Примечательно, но ни единого слова из той беседы я не запомнил. Даже тем не помню. Темы были несущественны. Слова были также несущественны. Существенна была атмосфера. Существен был безмолвный разговор со светом. Существенно было само существование этого места. Вдвойне примечательно — что никого из «четвёртых» у меня в памяти тоже не отложилось. И наоборот, никто из них не запомнил меня. Обрывки визуальных образов — подсказывают, что там я видел по крайней мере человек пять, которые спустя месяцы и годы появились и прочно обосновались в моей жизни. Некоторым из них я потом пытался задать вопрос, не там ли впервые виделись, но ни один не признался. Хотя — все до единого признались, что в те годы посещали Шайтан отнюдь не редко.

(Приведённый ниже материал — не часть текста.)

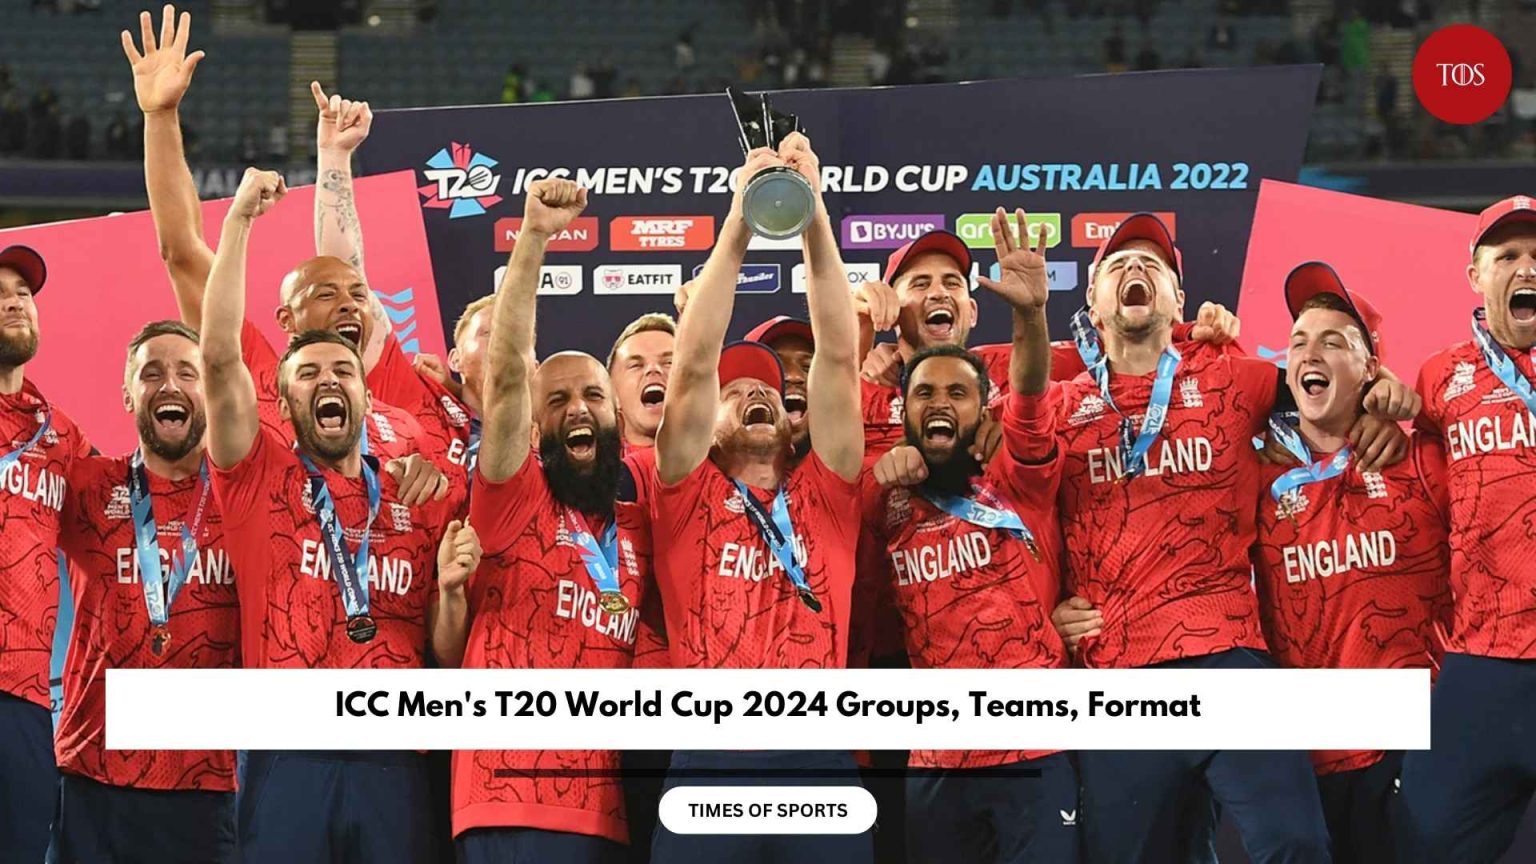 ICC Men's T20 World Cup 2024 Groups, Teams, Format

Позже я ещё дважды заходил в Шайтан. Оба раза на очередных переломах. Оба раза — с Олегом. Оба раза — с Машей, с которой я познакомился за три часа до первого посещения Шайтана. Оба раза Рэй оказывался «дома». И оба раза — была такая же беседа, очень важная и абсолютно не запомнившаяся. А с тех пор, как жизнь вошла в некое осмысленное русло, не заглядывал в Сьяны ни разу. Говорят, Рэй тоже перестал там бывать, в Шайтане теперь совсем другие люди тусуются. Кстати, с Рэем мы за три встречи так и не удосужились познакомиться. Тоже несущественным казалось. И продолжает казаться. Наверное, правильно, что часть людей, имевших значение в жизни, остаются незнакомцами. Эпизодические роли могут быть важнее главных. Имеется в том некий сакральный смысл.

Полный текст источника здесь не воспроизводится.